Quenching of jets tagged with $W$ bosons in high-energy nuclear collisions

TL;DR

This paper presents the first detailed theoretical calculations of W+jet production in lead-lead collisions at the LHC, analyzing medium effects on various observables related to jet quenching.

Contribution

It combines NLO matrix element calculations with parton shower resummation and medium response modeling to predict nuclear modifications of W+jet observables in heavy-ion collisions.

Findings

Predicted significant medium modifications in Pb+Pb collisions

Provided detailed predictions for seven key observables

Highlighted the distinct nuclear effects on jet and W boson correlations

Abstract

We carry out the first detailed calculations of jet production associated with $W$ gauge bosons in Pb+Pb collisions at the Large Hadron Collider (LHC).
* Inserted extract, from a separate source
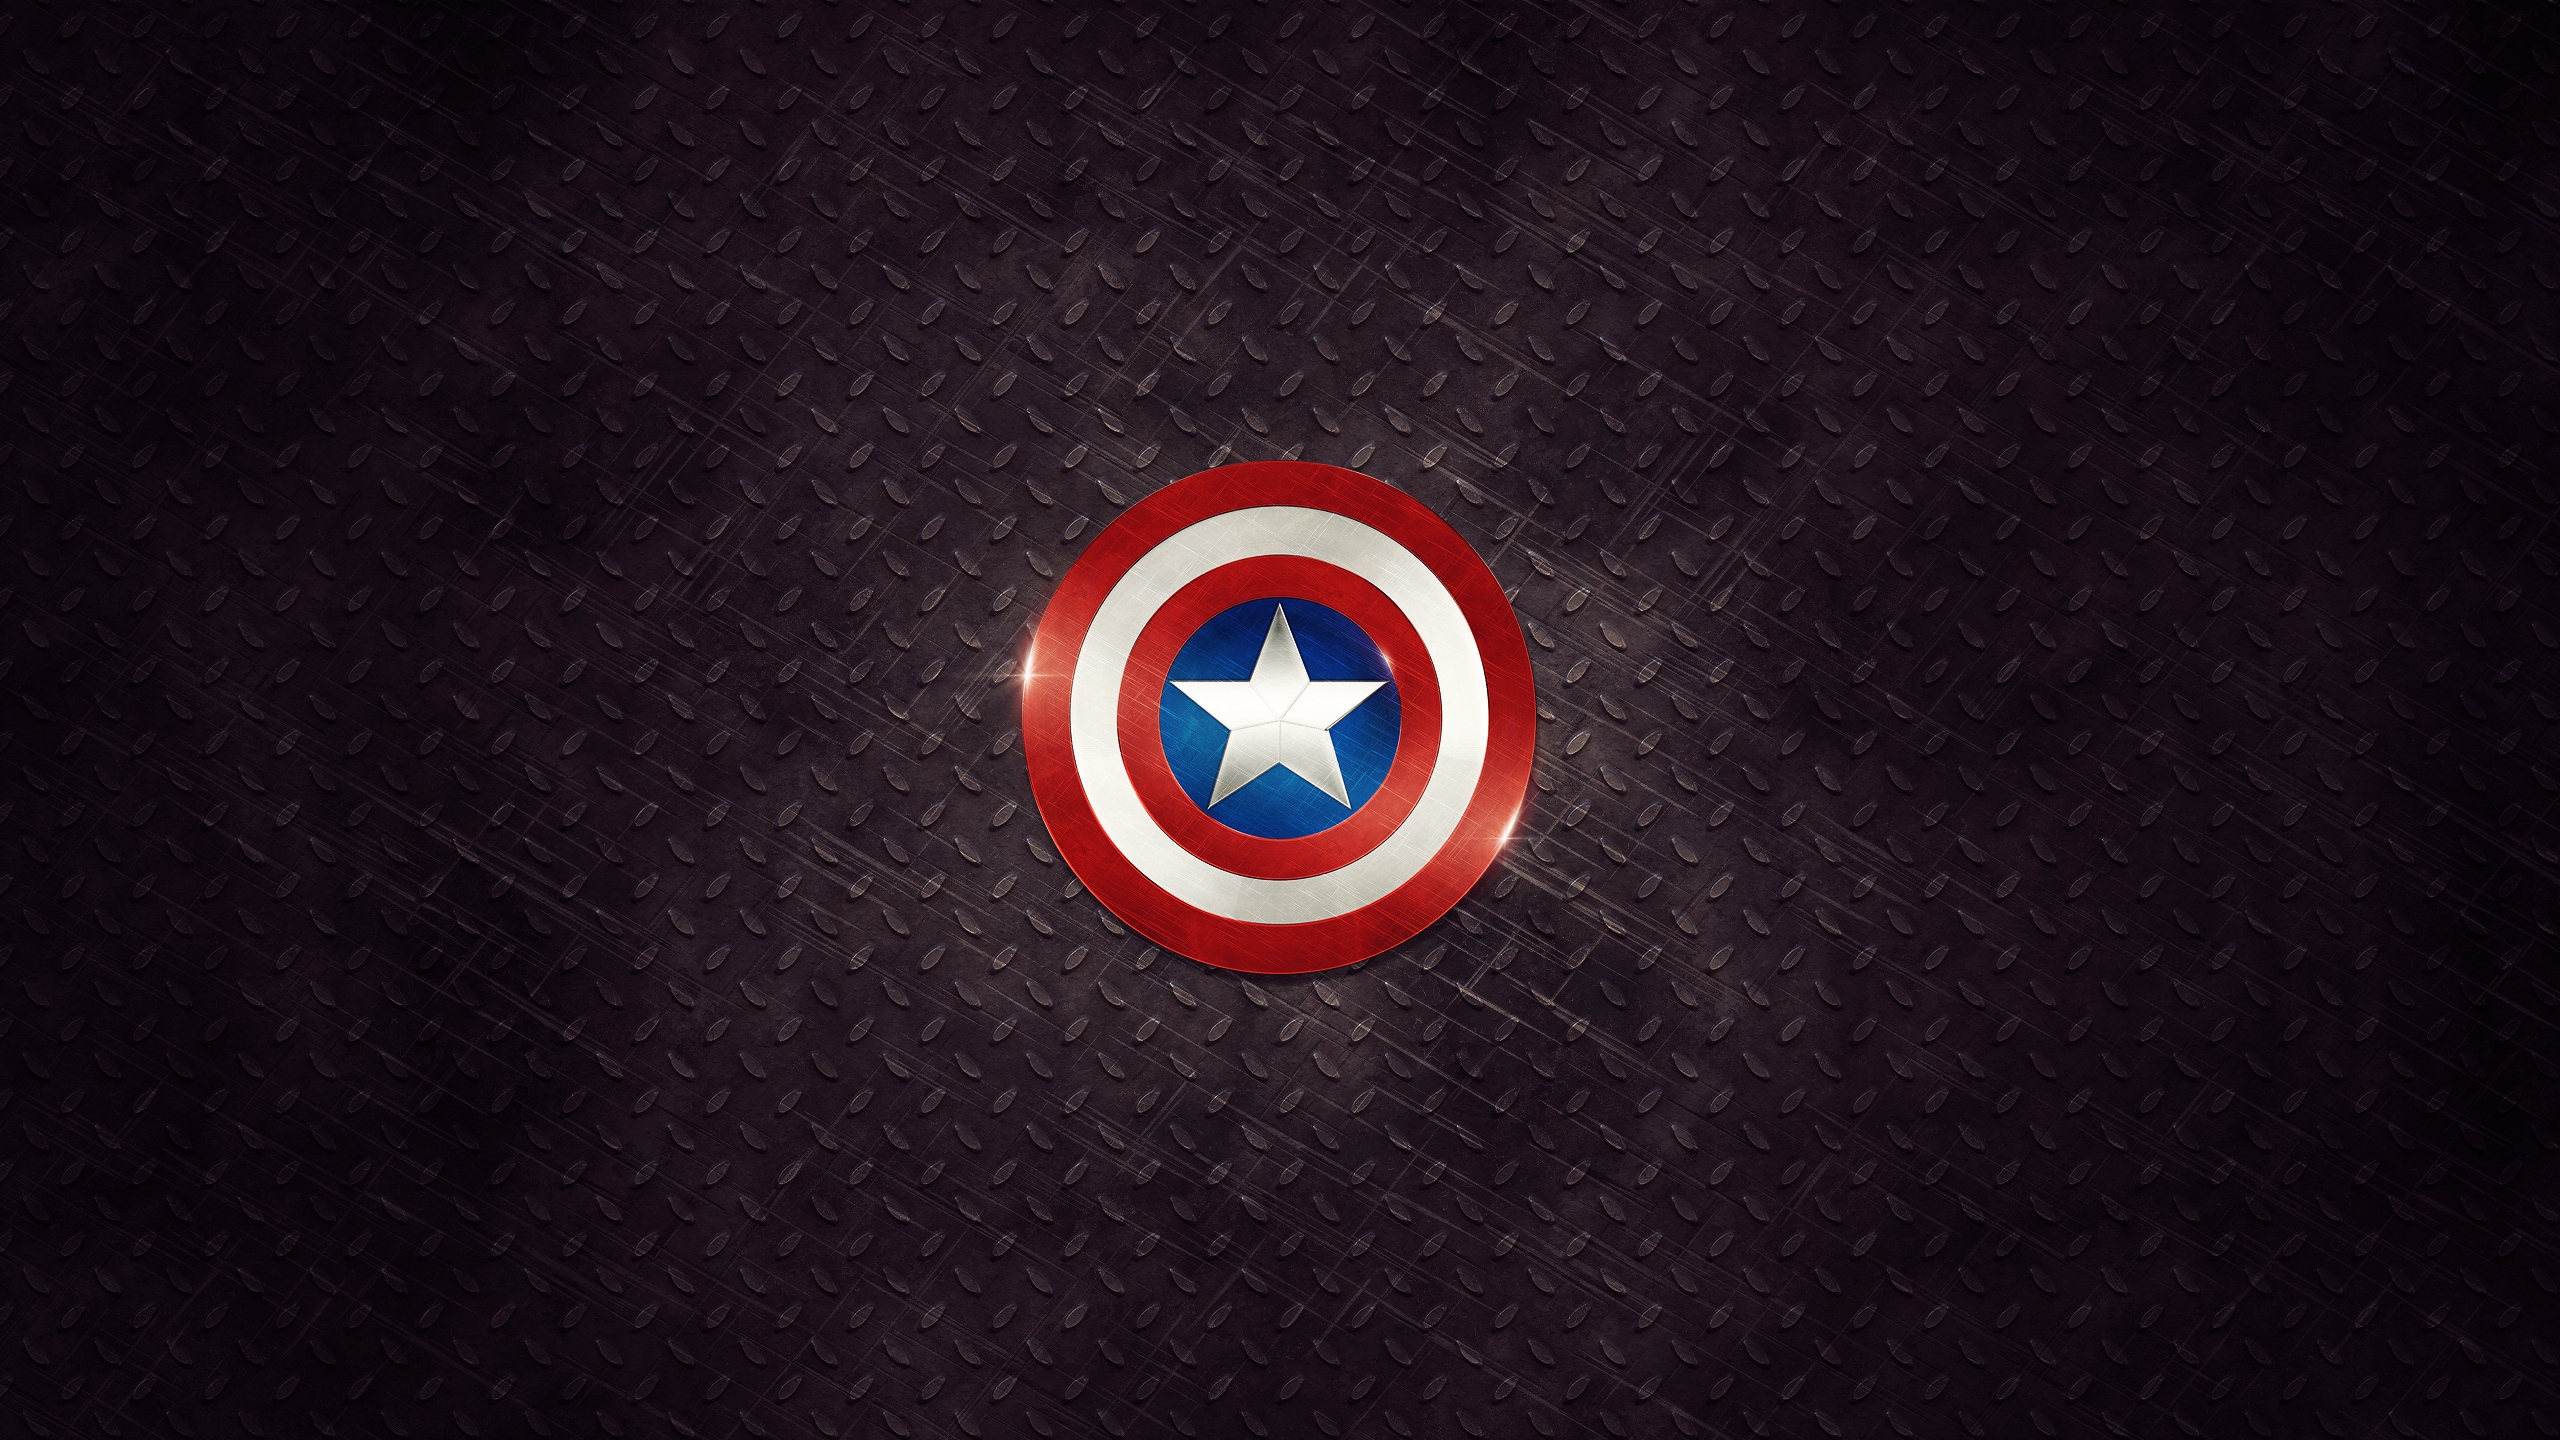 Captain America Logo for 2560x1440 HDTV resolution

In our calculations, the production of $W$+jet in p+p collisions as a reference is obtained by Sherpa, which performs next-to-leading-order matrix element calculations matched to the resummation of parton shower simulations, while jet propagation and medium response in the quark-gluon plasma are simulated with the Linear Boltzmann Transport (LBT) model. We provide numerical predictions on seven observables of $W$+jet production with jet quenching in Pb+Pb collisions: the medium modification factor for the tagged jet cross sections $I_{AA}$, the distribution in invariant mass between the two leading jets in $N_{jets}\ge 2$ events $m_{jj}$, the missing $p_T$ or the vector sum of the lepton and jet transverse momentum $|\vec{p}_T^{Miss}|$, the summed scalar $p_T$ of all the jets in an event $S_T$, transverse momentum imbalance $x_{jW}$, average number of jets per $W$ boson $R_{jW}$, and azimuthal angle between the $W$ boson and jets $\Delta \phi_{jW}$. The distinct nuclear modifications of these seven observables in Pb+Pb relative to that in p+p collisions are presented with detailed discussions.